Praetorius: Christmas Vespers

Apollo’s Fire | The Cleveland Baroque Orchestra, Jeannette Sorrell
74:40
Avie Records AV2306

[dropcap]T[/dropcap]his is a bit of a mixture. This “Christmas Vespers” is nothing like the McCreesh “Christmas Mass”, which has been used by performers in various parts of the world. It had the benefit of Robin Leaver as distinguished expert – he and I sat at the back row and heard the recording for the BBC before the CD was issued, but we talked rather too much!* This Apollo’s Fire CD is not one of their best. I won’t go into details, but the singing doesn’t have the clarity one expects from the period (c.1600-1620) and the rallentandos are particularly out of time: I haven’t got my Praetorius writings at hand, since much of my music has gone to a Cambridge library, but my recollection is that there is no change of speed except that the penultimate bar can be slower. I feel that the speed of pieces with high cornetti is just a fraction too quick. The title is misleading: McCreesh produced a full CD of Vespers, but this squashes a Lutheran Advent service and a Vespers for Christmas Day, neither being satisfactory.

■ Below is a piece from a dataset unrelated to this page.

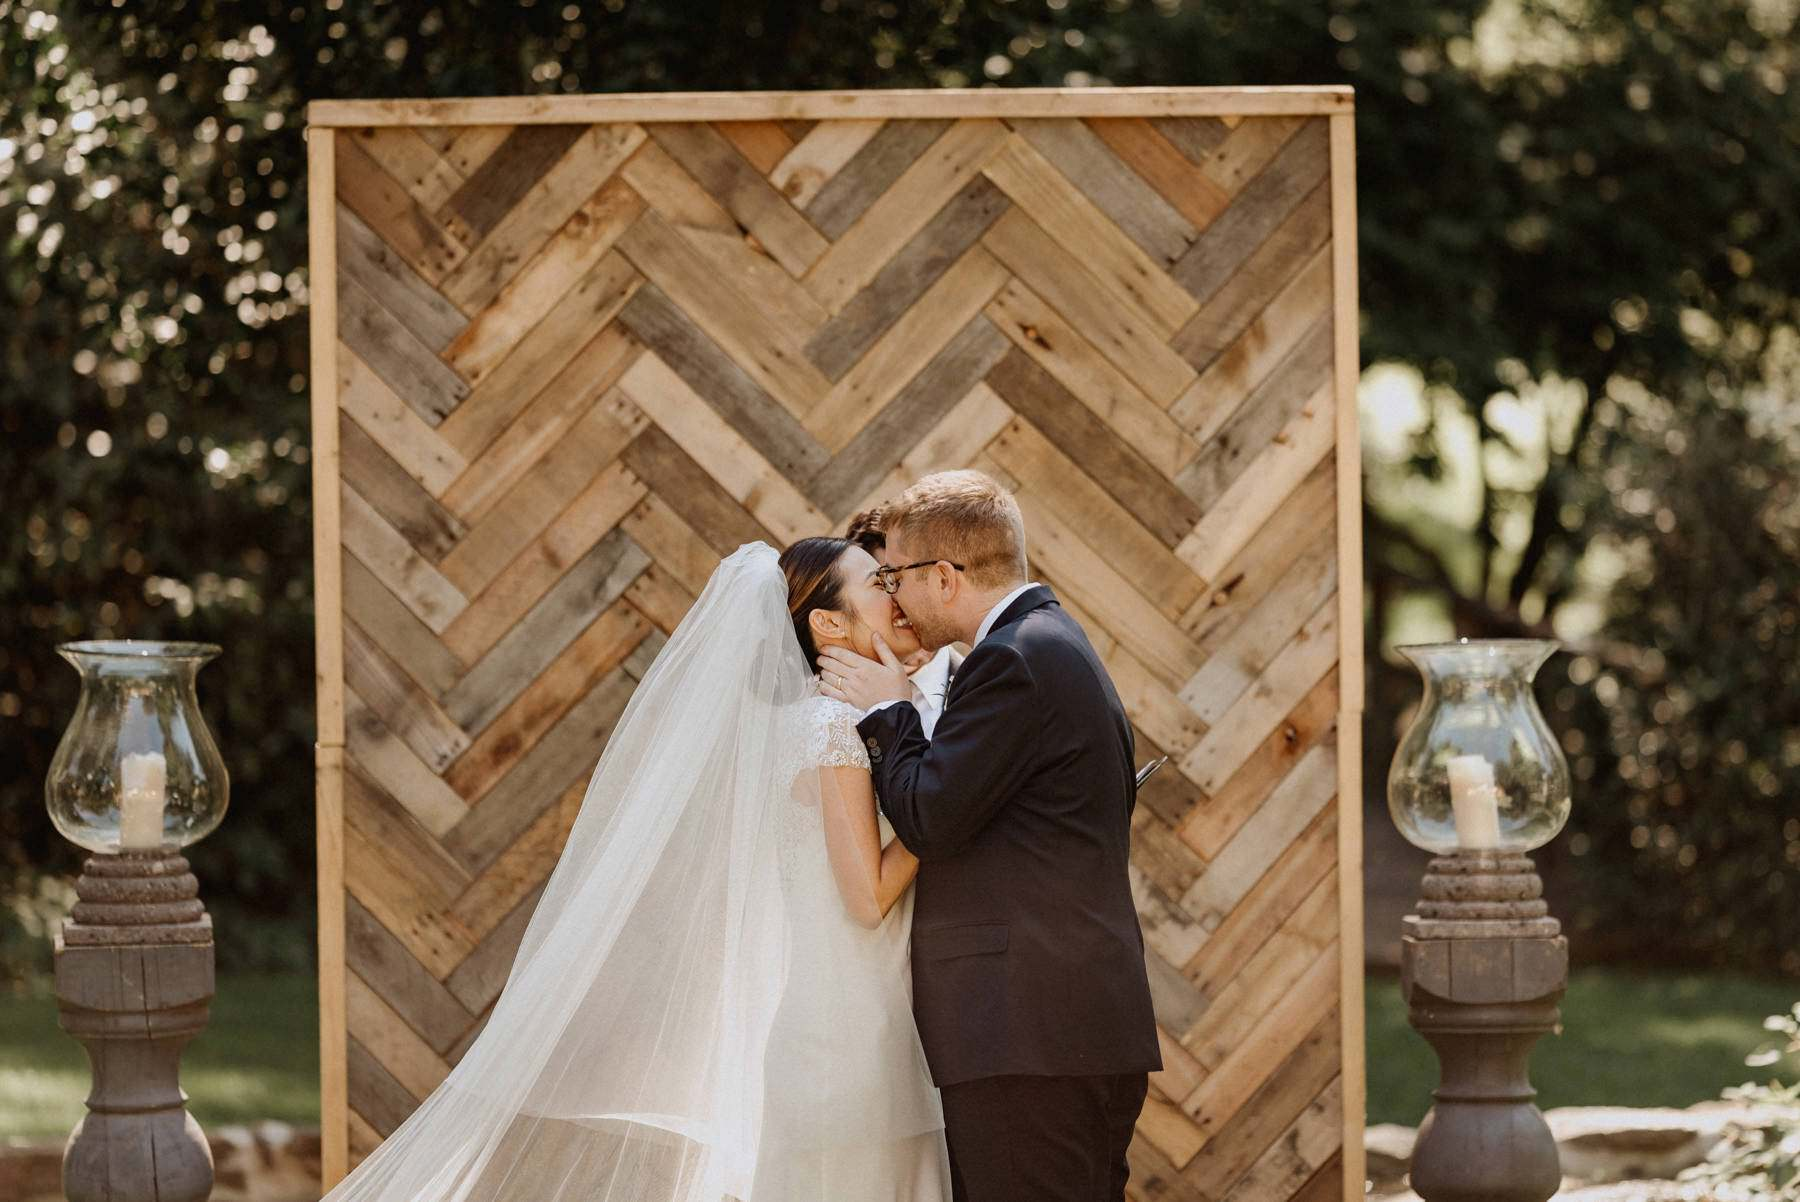 Appleford-estate-wedding-91.jpg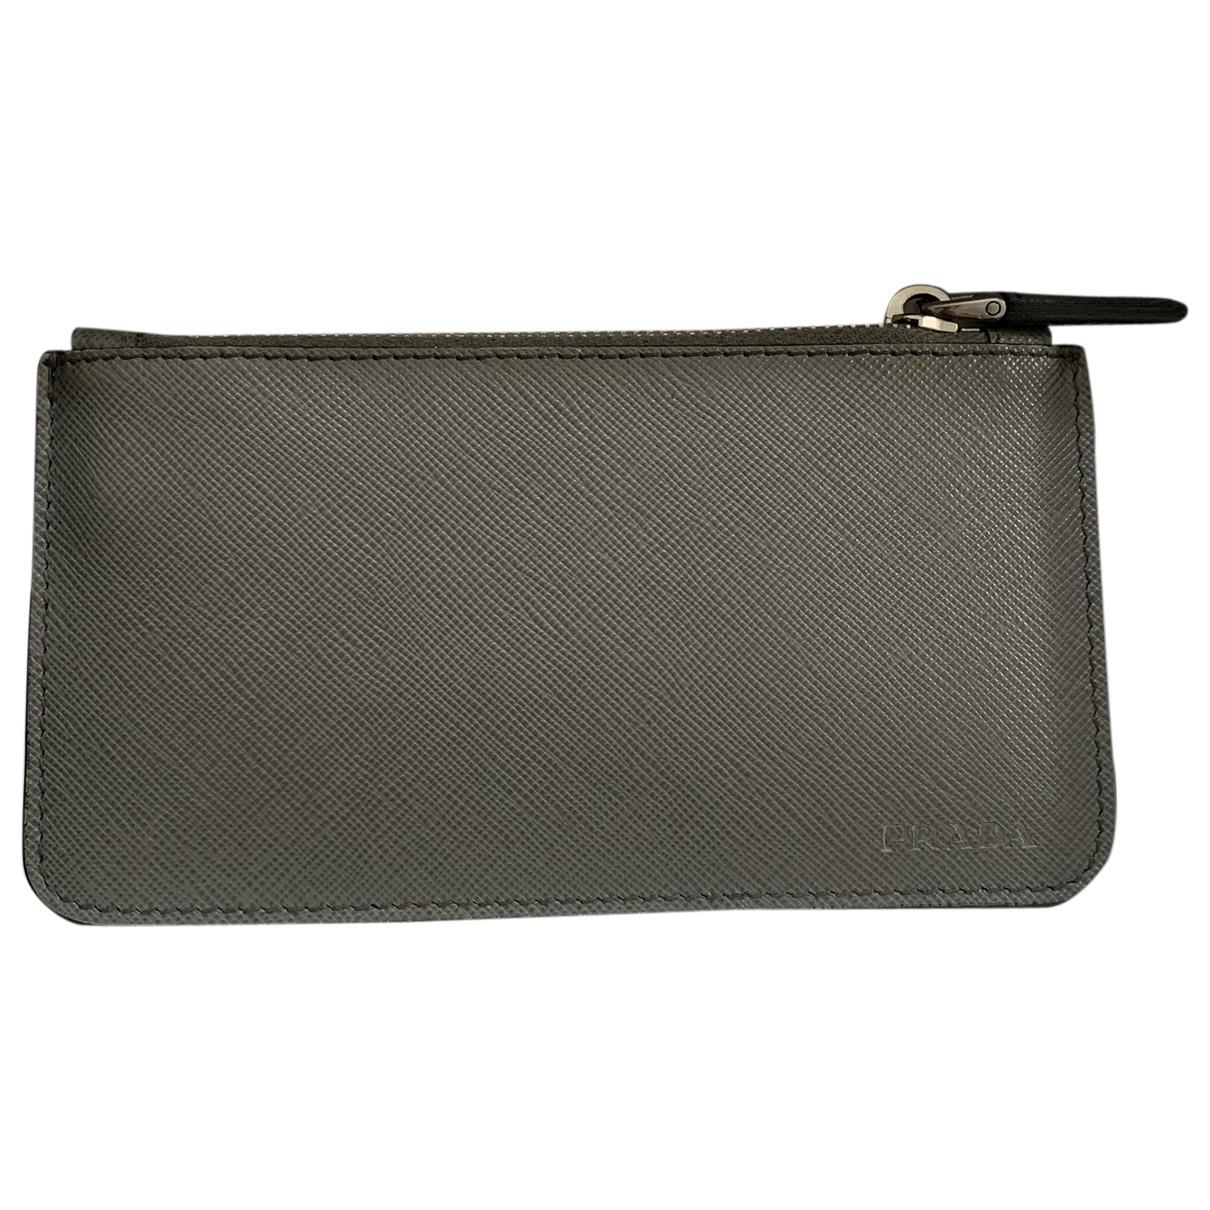 Prada N Grey Leather Small bag, wallet & cases for Men N

Individual pieces don’t always work. One of my favourites is Puer natus: Ein Kind geborn. There are more dynamics needed: think of quiet, medium and loud sections. The Sinfonia should surely stay at the soft level (mp), without stressing each bar in the triple time. The vocal trio and Bc needs a normal sound, but the ritornelli are short and strong. The final section (from “Mein Herzens kindlein”) has full forces but ends quietly – follow the text – and in general, the text needs more variety of the stress of the accents. This sounds as if I’m a modernist, but the tempo is rigid (except as noted above) and it will sound much more Praetorian than anything else on this disc. I’m not convinced that Jeannette Sorrell is adequately aware of early baroque, though she is far better in late baroque. Two specific errors are having a cello (which appeared in the 1640s) and a double bass (which became standard in 1702 in France). The lowest pitch would have been the G or F below the bass sackbut’s B flat.

*The Michael Praetorius Christmas Mass was recorded by The Gabrieli Consort and Players (Archiv 439-250-2). I prepared the musical edition, which is available from The Early Music Company Ltd. The solo organ pieces were contributed by Tim Roberts and are not in the score.